I was in a hostel, a stop-off for impossible kids in east London somewhere. I’d been there a couple of days, walked in off the streets half-starved, because I had to. They were still trying to get hold of me. They were still trying to find out who I was.
I wasn’t going to tell them.
It was a tired place run by tired people. It smelled of cigarettes and floor polish and soup. They gave me old clothes, washed thin and mended and almost the right size. They asked me lots of questions in return for two meals and a dry place to sleep.

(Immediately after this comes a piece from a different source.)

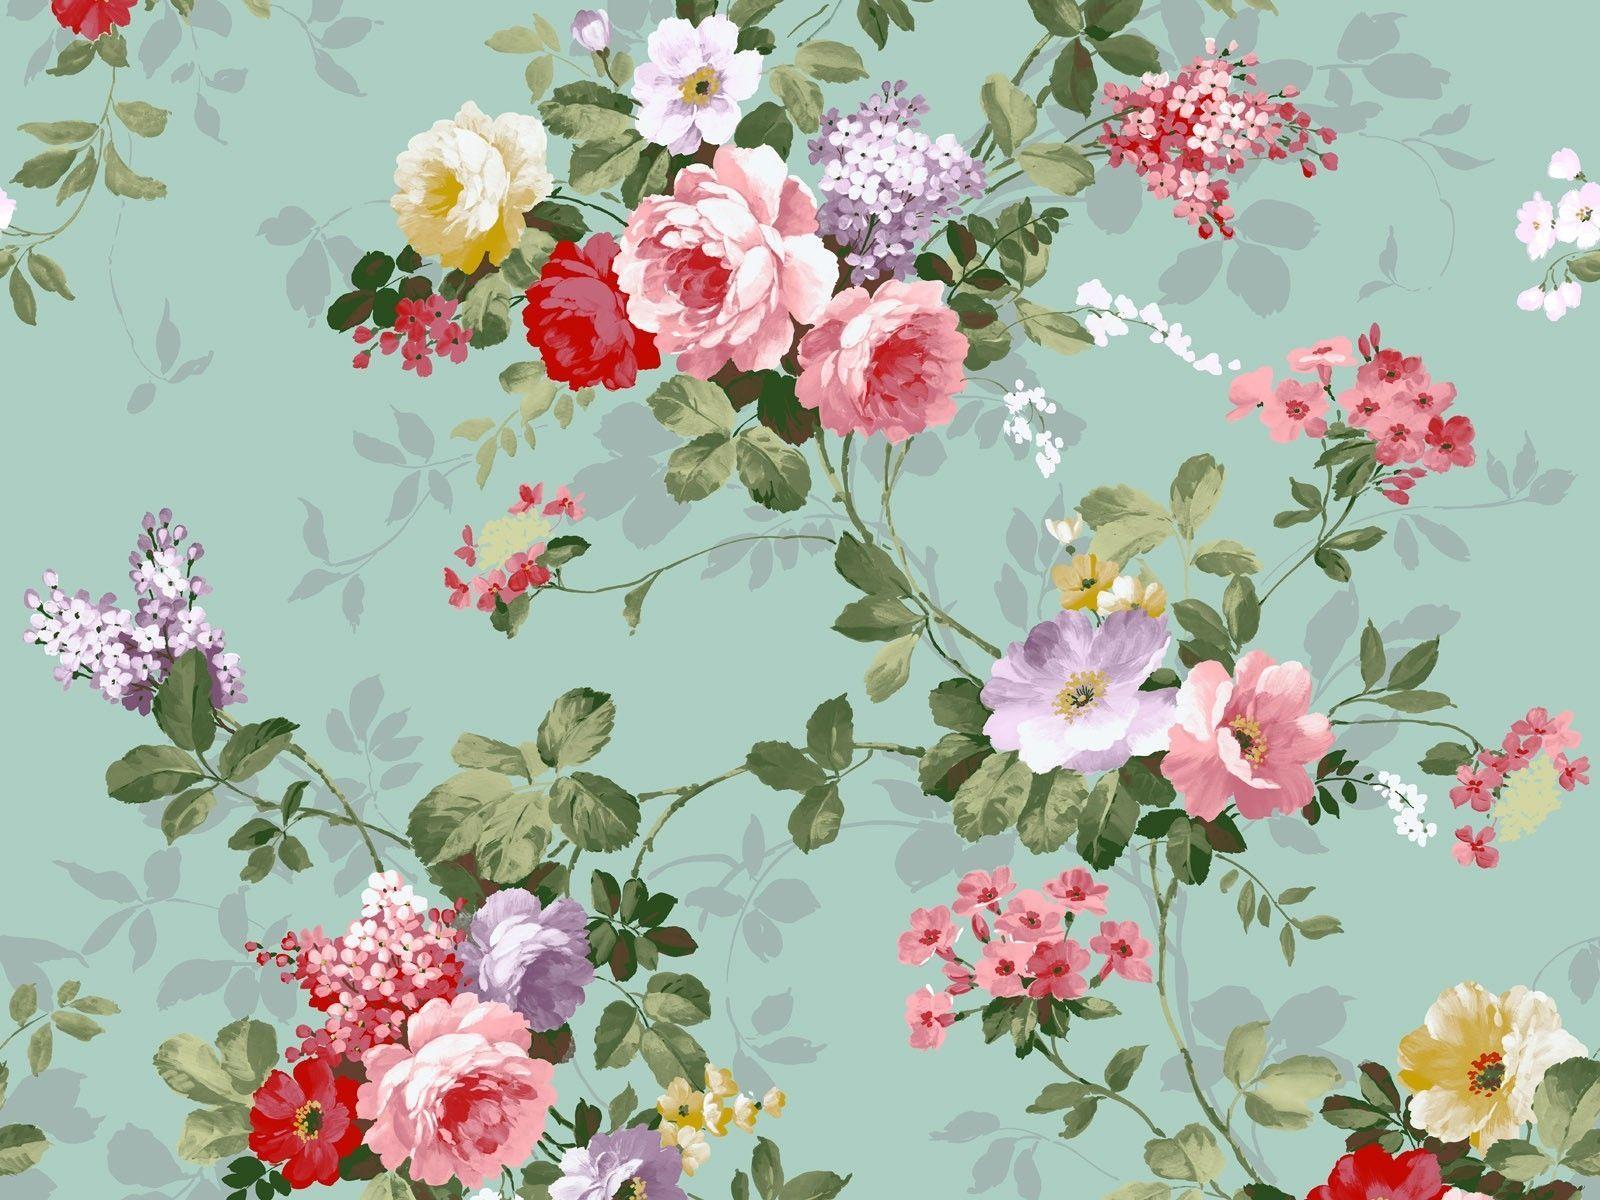 Vintage Floral Iphone Wallpaper Free Desktop Flickr Photo Sharing

I tried to be grateful, but I didn’t speak to them.
They locked me in a storeroom for fighting. Hot and airless, four pale walls, a shut and rusted filing cabinet, a shelf piled with papers, a stack of chairs.

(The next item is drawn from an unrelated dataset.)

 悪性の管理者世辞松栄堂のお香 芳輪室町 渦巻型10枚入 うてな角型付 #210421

The boy I fought with was hurt. That’s why I was locked up really, for winning. You’re not allowed to do that. I don’t remember his name. I don’t remember what the fight was about even.
I was in there for over two hours. I wanted to wreck it. I watched myself doing it, somewhere in my head.
I heard one of them coming, saw the wavering, moss-coloured shape of her through the mottled glass of the door. I banged on it hard. She stopped and turned and took a quick breath of her disappointed air.
Her voice was small and jumpy. “What do you want?” she said.
“I want you to let me out.”
“I can’t do that.”
I put my head against the cold skin of the wall. “Please help me,” I said.
“Are you hurt?” she said. “Are you bleeding?”
“I’m thirsty.”
She didn’t say anything.
“You can’t deprive me of water.”
“I’ll go and ask,” she said, and through the glass she warped and gathered and was gone.
I counted to four hundred and thirty-eight.
When she came back, she had someone else with her. They unlocked the door and swooped in with a plastic cup half-filled with water. I drank it down in one. It wasn’t enough.
The man had a hooked nose and loose, curly hair. I’d seen him before, but not her. He sounded like keys jangling.
He said, “Have you finished fighting?”
I shrugged. “Probably not.”
I didn’t like the way the woman was looking at me. I stared back so she would stop, but she didn’t. Between us there was just the blood in my ears, pounding and pumping, and the look on her face.
She kept her eyes on me while she spoke to the man, and when she left the room. “Hang on a minute, would you? I’ll be right back.”
The man sat in one of the chairs, shifting, trying hard to look relaxed. He leaned towards me and his black eyes blinked, quick and vigilant, like a bird’s. I wondered if he minded being alone with me. I wondered if he was afraid.
“Why won’t you tell us your name?” he said.
I pretended he wasn’t there. I pretended he wasn’t talking.